### Material provided

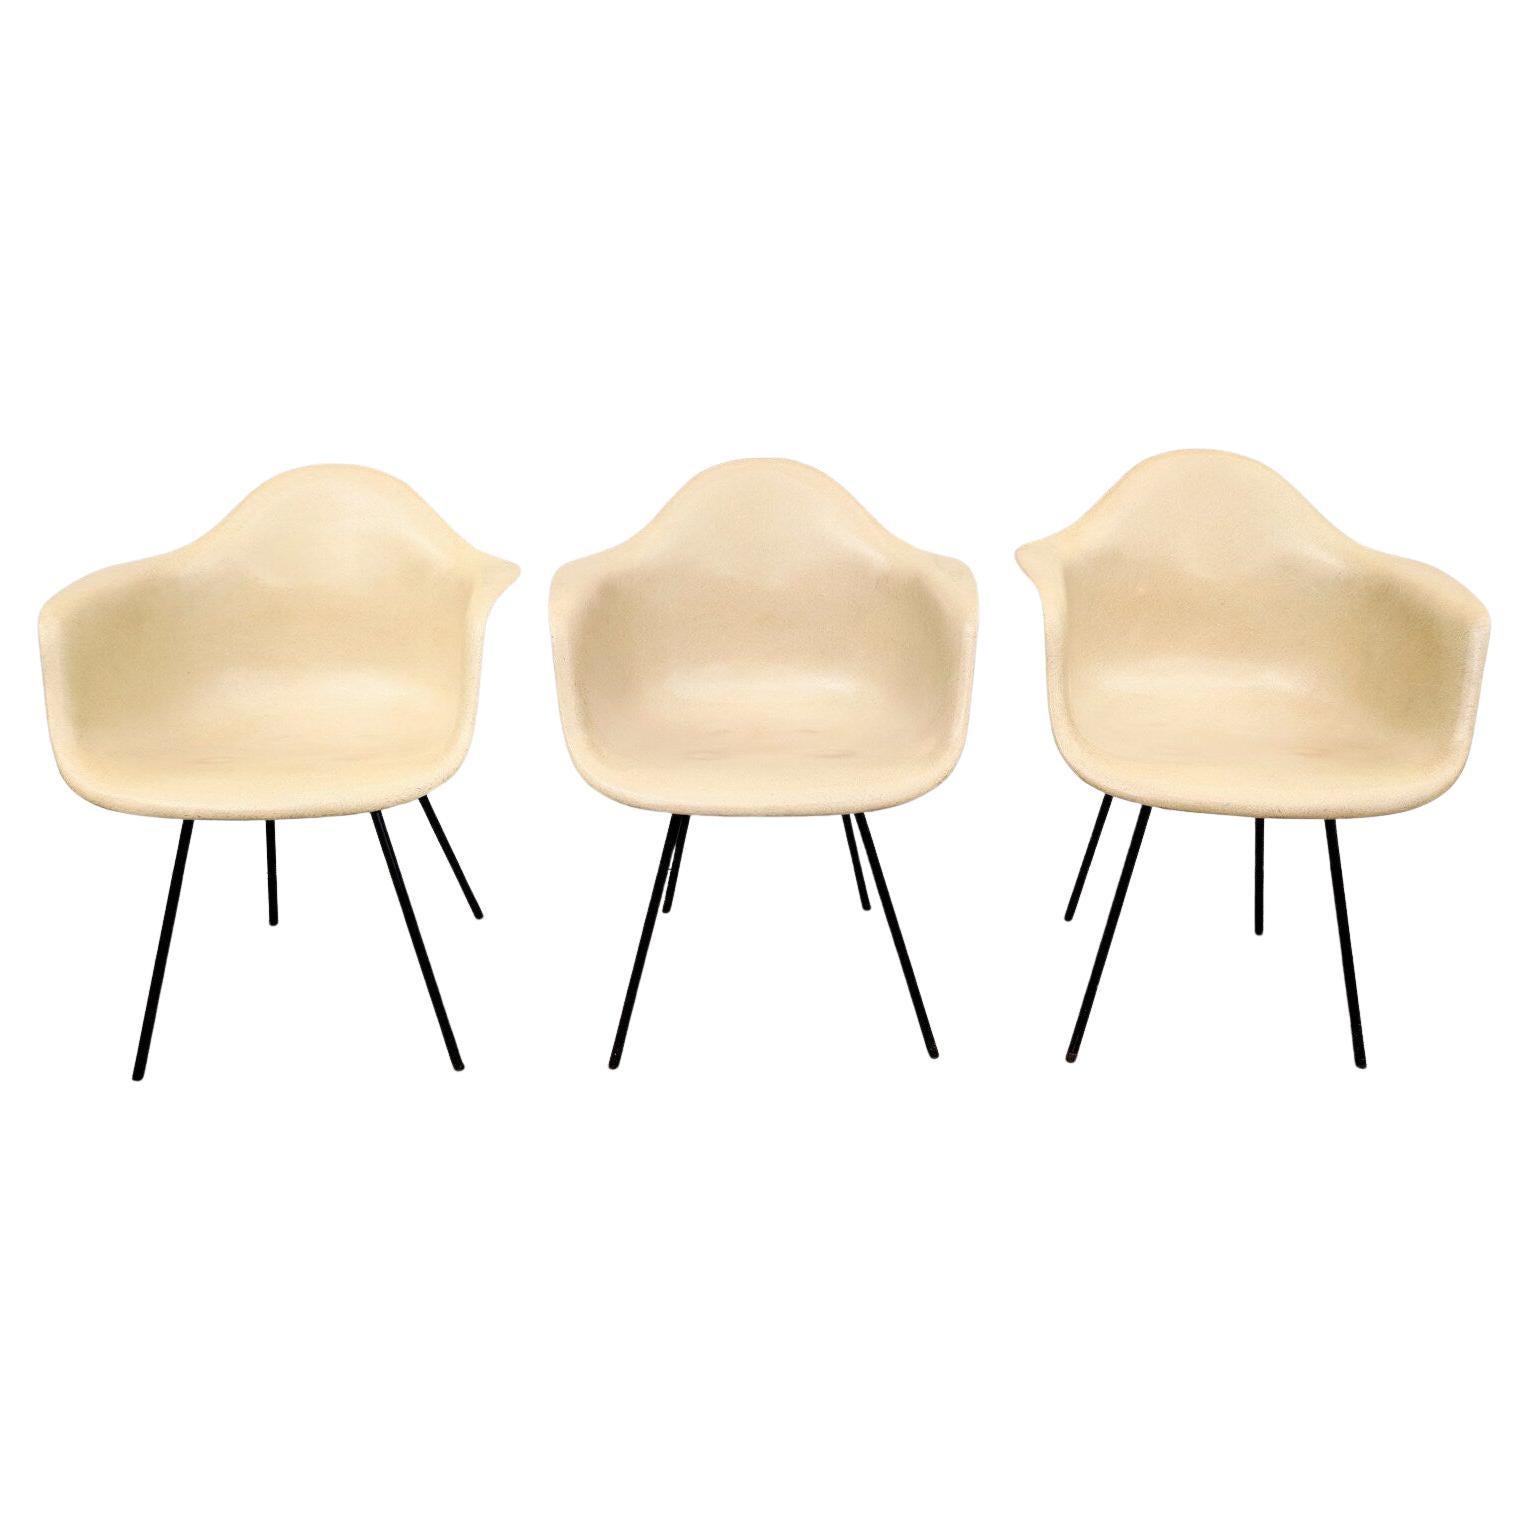 Mid Century Modern Early Eames DAX Armed Shell Chair

Fiberglas in gutem Zustand und strukturell gesund. Einige leichte Verfärbungen, aber insgesamt überdurchschnittlichen Vintage-Zustand.

Zusätzliche Informationen:
MATERIALIEN: Fiberglas,

######

-- The problem --
Give every line above again exactly, omitting whatever pictures appear.

-- Task answer --
 Mid Century Modern Early Eames DAX Armed Shell Chair

Fiberglas in gutem Zustand und strukturell gesund. Einige leichte Verfärbungen, aber insgesamt überdurchschnittlichen Vintage-Zustand.

Zusätzliche Informationen:
MATERIALIEN: Fiberglas,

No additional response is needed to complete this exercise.